Laisser Dieu nous guérir

En Israël la lèpre était une maladie honteuse, très contagieuse, et en plus, signe du péché de la personne ; les prêtres devaient l’identifier, déclarer les lépreux impurs et les renvoyer dans la brousse où ils vivaient une vie de sauvage, loin de tout. Et c’était aussi les prêtres qui devaient constater la guérison et permettre la réintroduction du lépreux dans le peuple de l’alliance.

Jésus dans sa dernière montée vers Jérusalem sait qu’il va au-devant de sa condamnation, sa passion, sa mort et sa résurrection. Accompagné de ses disciples, il croise ces dix lépreux qui l’ont cherché et trouvé ; comme la loi le leur demande, ils se tiennent à distance et implorent sa pitié. Jésus leur commande de partir se montrer aux prêtres, ils lui obéissent et, en chemin tous sont guéris.

Jésus admire la foi de cet homme

Un seul, un étranger samaritain qui ne partageait pas la foi d’Israël revient sur ses pas, heureux il remercie Jésus à pleine voix.  Lui seul a reconnu Dieu en Jésus qui l’a guéri ; la face contre terre il le remercie pour sa guérison. Déjà il pressent Celui qui va ressusciter des morts. Les habitués des rites juifs, eux, ne l’ont pas reconnu. Jésus admire la foi de cet homme : « Ta foi t’a sauvé ! »

Ces textes nous parlent de comment Dieu se révèle et nous parle, souvent en-dehors des rites : Heureusement qu’il y a de nouvelles personnes qui s’approchent de nos églises et des étrangers plus sensibles à ce que Dieu leur donne ; ils réveillent notre foi et notre louange quand ils découvrent la puissance de Dieu. Car la grâce et le salut sont donnés à tous les êtres humains sans aucune exception.
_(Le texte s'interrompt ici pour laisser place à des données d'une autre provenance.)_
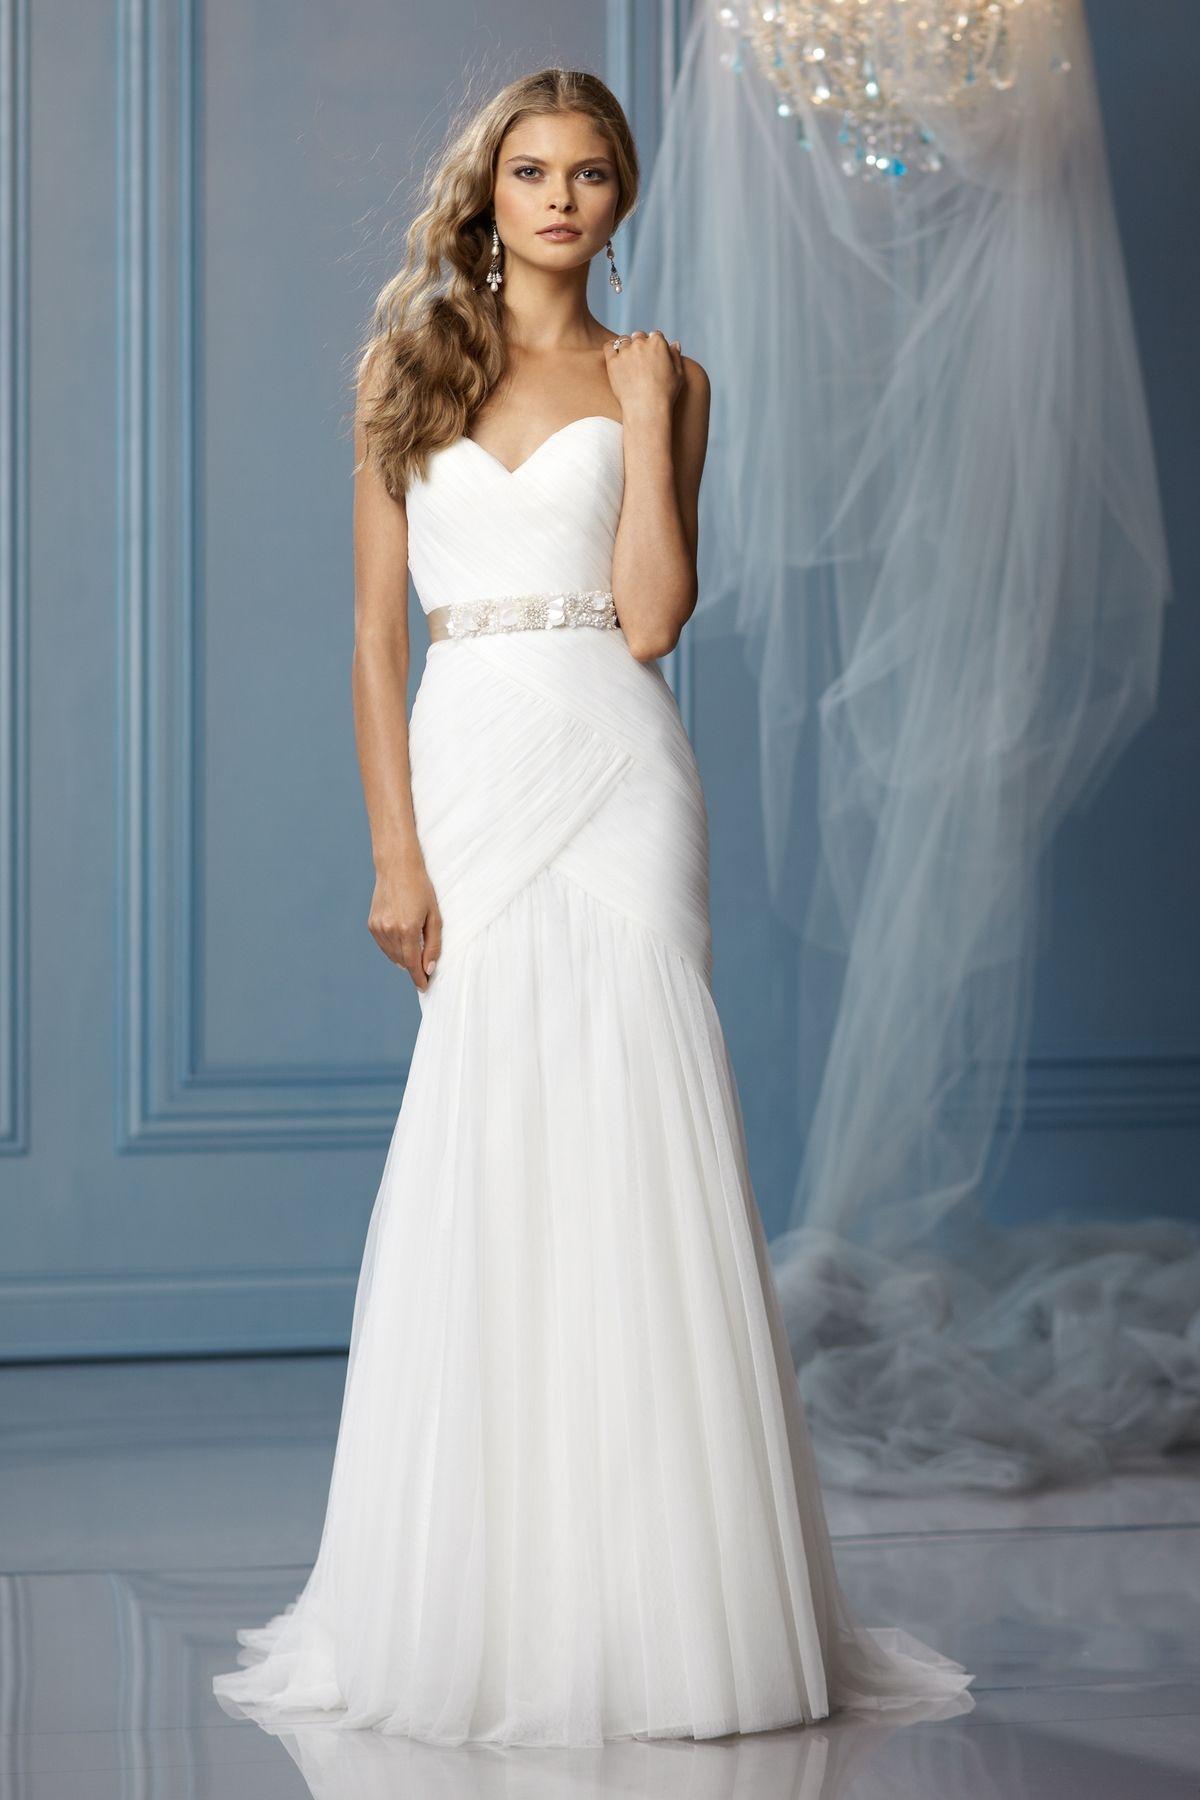 Watters Cyprus 10311 Size 10 Wedding Dress | Strapless wedding ...
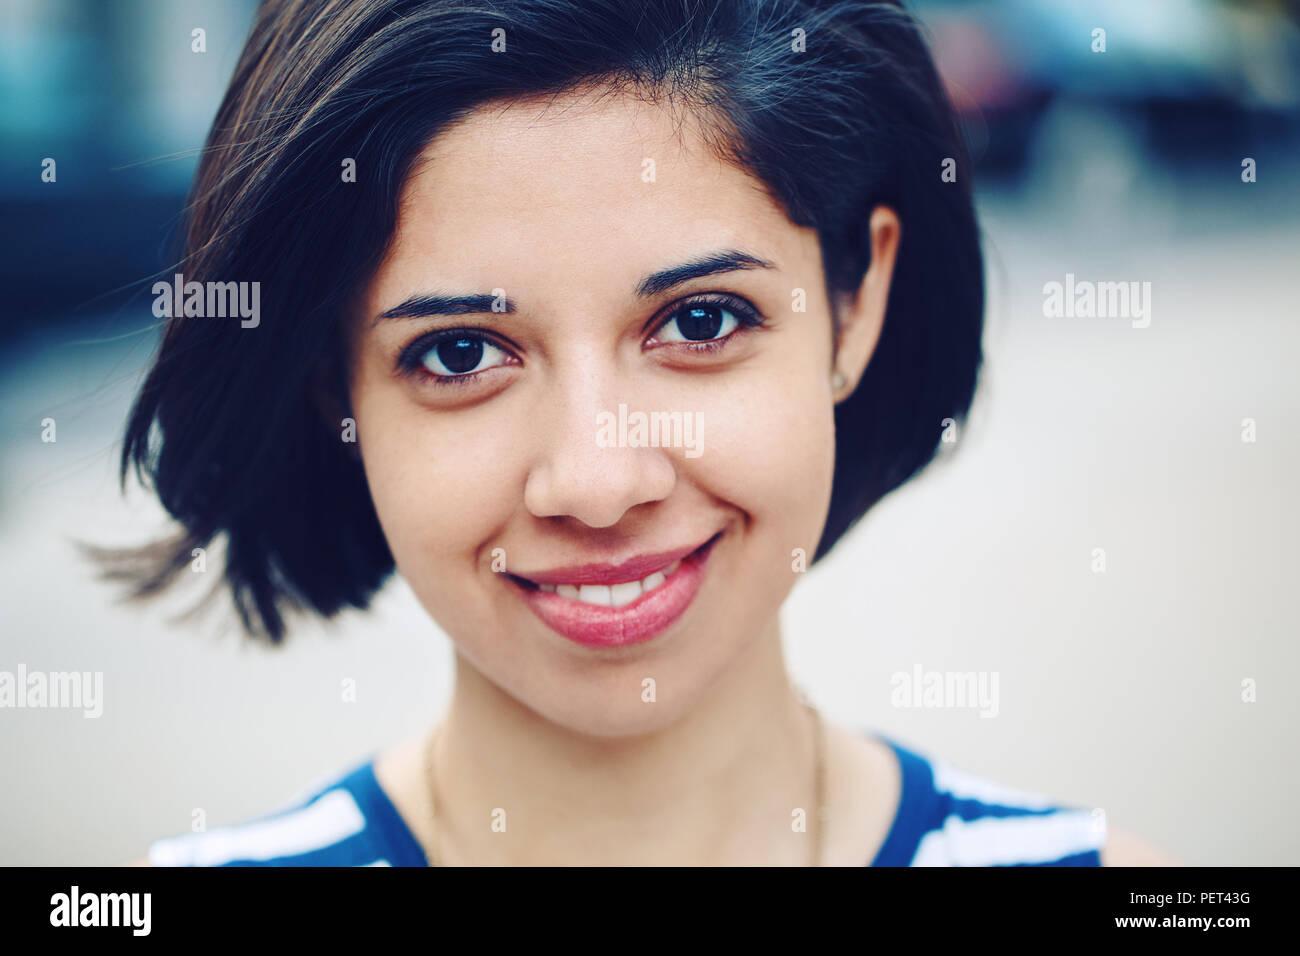 https://c8.alamy.com/comp/PET43G/closeup-portrait-of-beautiful-smiling-young-latin-hispanic-girl-woman-with-short-dark-black-hair-bob-black-eyes-outside-looking-in-camera-toned-wit-PET43G.jpg

Et la vocation du peuple de l’Alliance et de l’Eglise est de reconnaitre sa lèpre et d’accueillir la grâce divine qui renouvelle tout.
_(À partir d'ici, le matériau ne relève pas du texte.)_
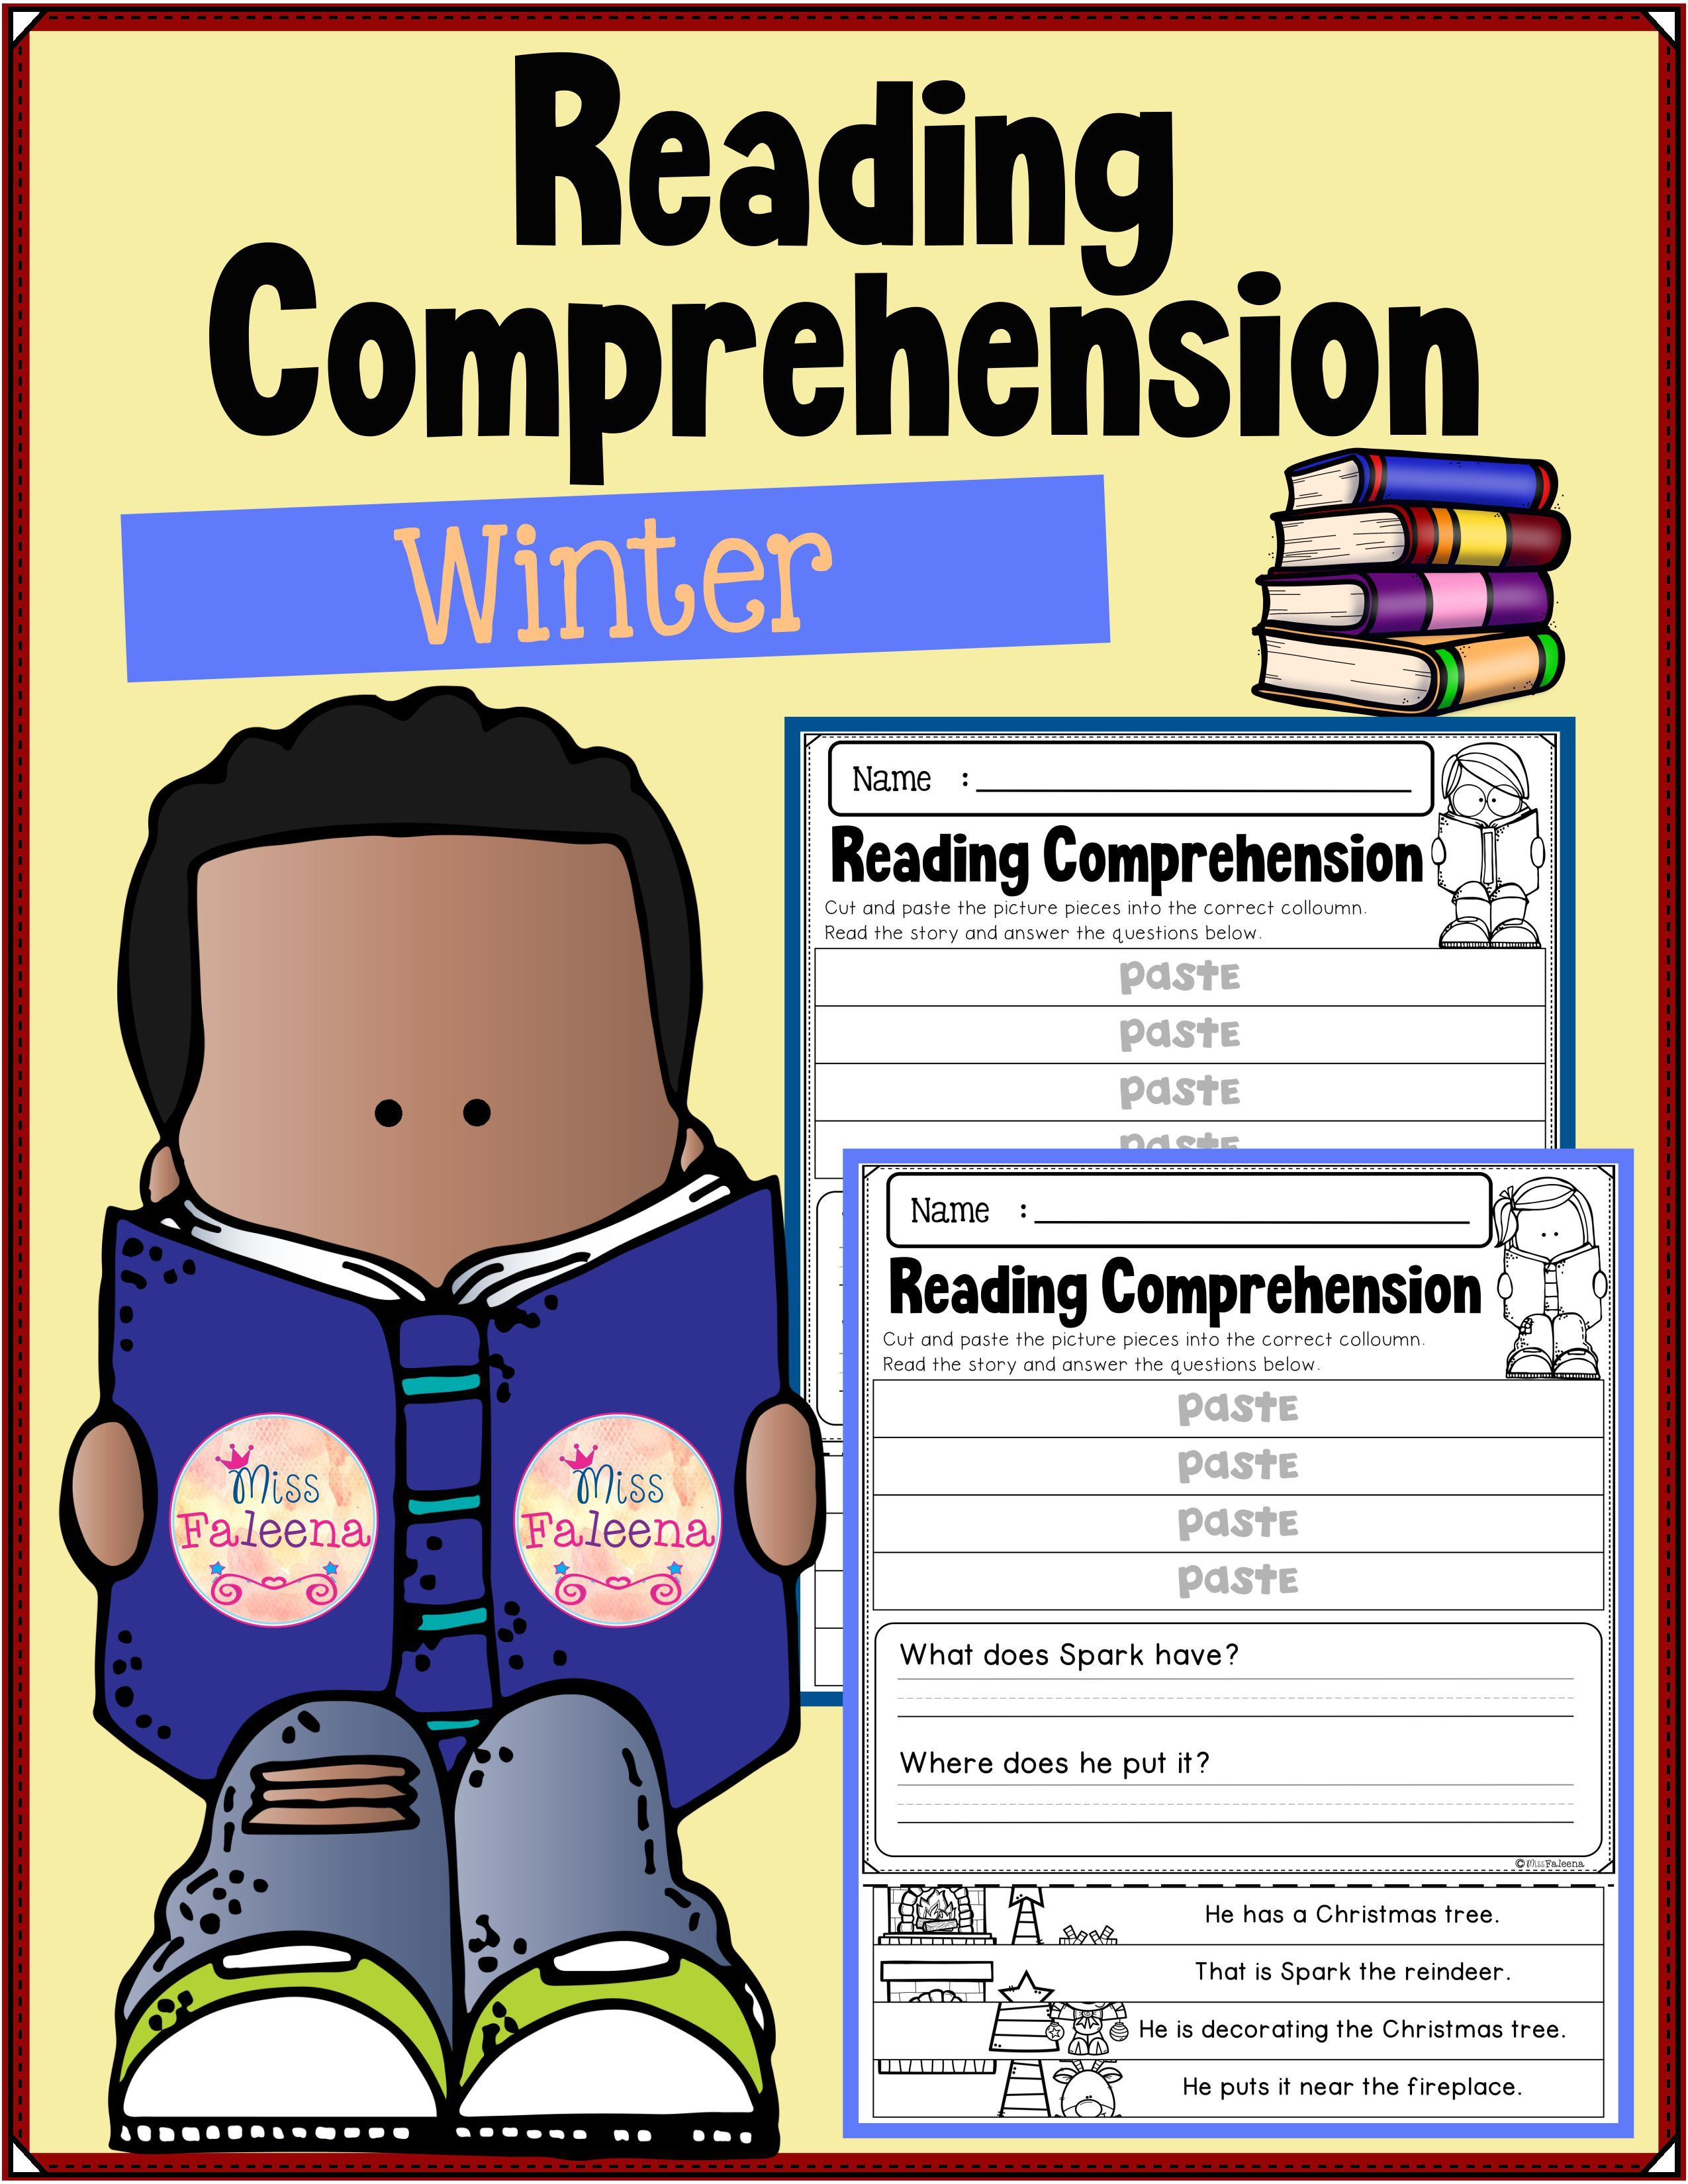 Winter Reading Comprehension Puzzles

Laissons-nous interpeller…

Les rites sont les moyens que l’Eglise a gardés pour recevoir la grâce de Dieu, mais souvent, nous nous perdons dans les détails… Demandons à Dieu la force de pouvoir obéir sa voix et de Le rencontrer en vérité afin de recevoir la santé et le salut ! Nous qui sommes mal-croyants, laissons-nous interpeller par la foi de cet étranger au peuple de Dieu, et par la foi de Paul qui s’est réellement converti.
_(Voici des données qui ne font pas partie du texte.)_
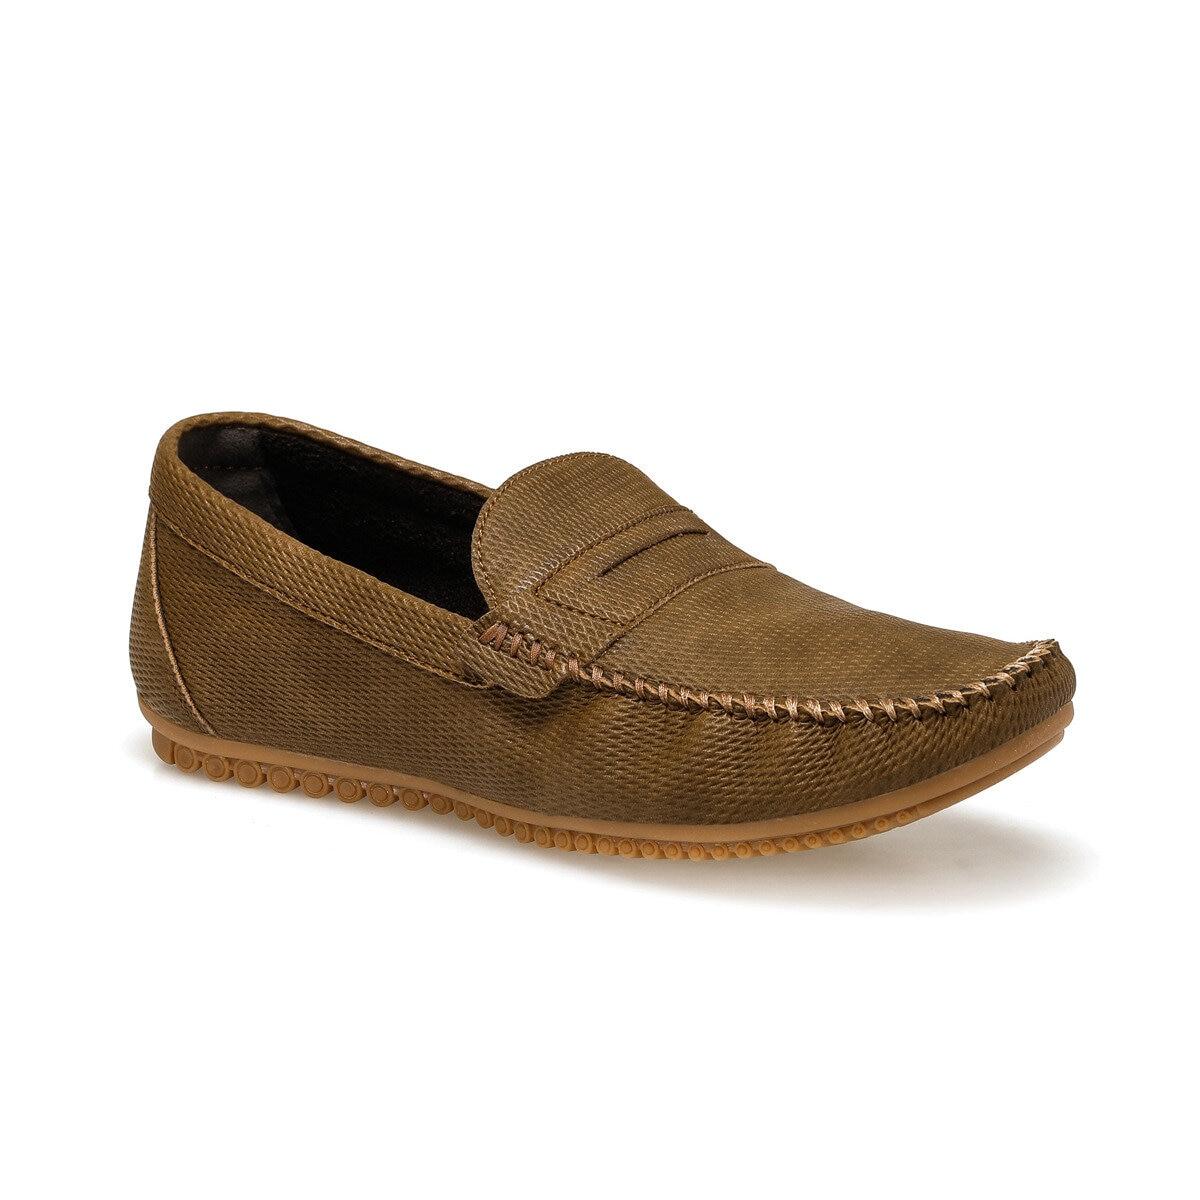 FLO MDL2 Sand Color Men Shoes Oxide

28e Dimanche du temps ordinaire                
Lectures bibliques : 2 Rois 5, 14-17 ; Psaume 97 ; 2 Timothée 2, 8-13 ; Luc 17, 11-19    

Homélie du 5 0ctobre 2025 (Lc 17, 5-10)

Père Jean-Louis Rey – Chapelle Saint Joseph, Ecole des Missions, Le Bouveret, VS

En ce dimanche qui ouvre le mois de la Mission universelle, saint Paul nous dit comme il disait à son collaborateur Timothée : Réveille en toi le don que tu as reçu de Dieu quand je t’ai imposé les mains.

Le don de l’Esprit-Saint

Quel est ce don de Dieu reçu par imposition des mains ?
Déjà au moment de notre baptême, le célébrant a posé la main sur nous… Mais c’est surtout au moment de notre confirmation que l’Evêque a posé sa main sur ceux et celles qui viennent à lui, en leur disant : ‘Recevez l’Esprit-Saint, le don de Dieu.’ Donc, ce geste de l’imposition des mains est lié au don de l’Esprit-Saint, et cela dès le baptême.
Et Saint Paul nous explique ce que fait en nous cet Esprit-Saint : Dieu ne nous a pas donné un esprit de peur mais plutôt un esprit de force, d’amour et de pondération pour rendre témoignage à Jésus-Christ.’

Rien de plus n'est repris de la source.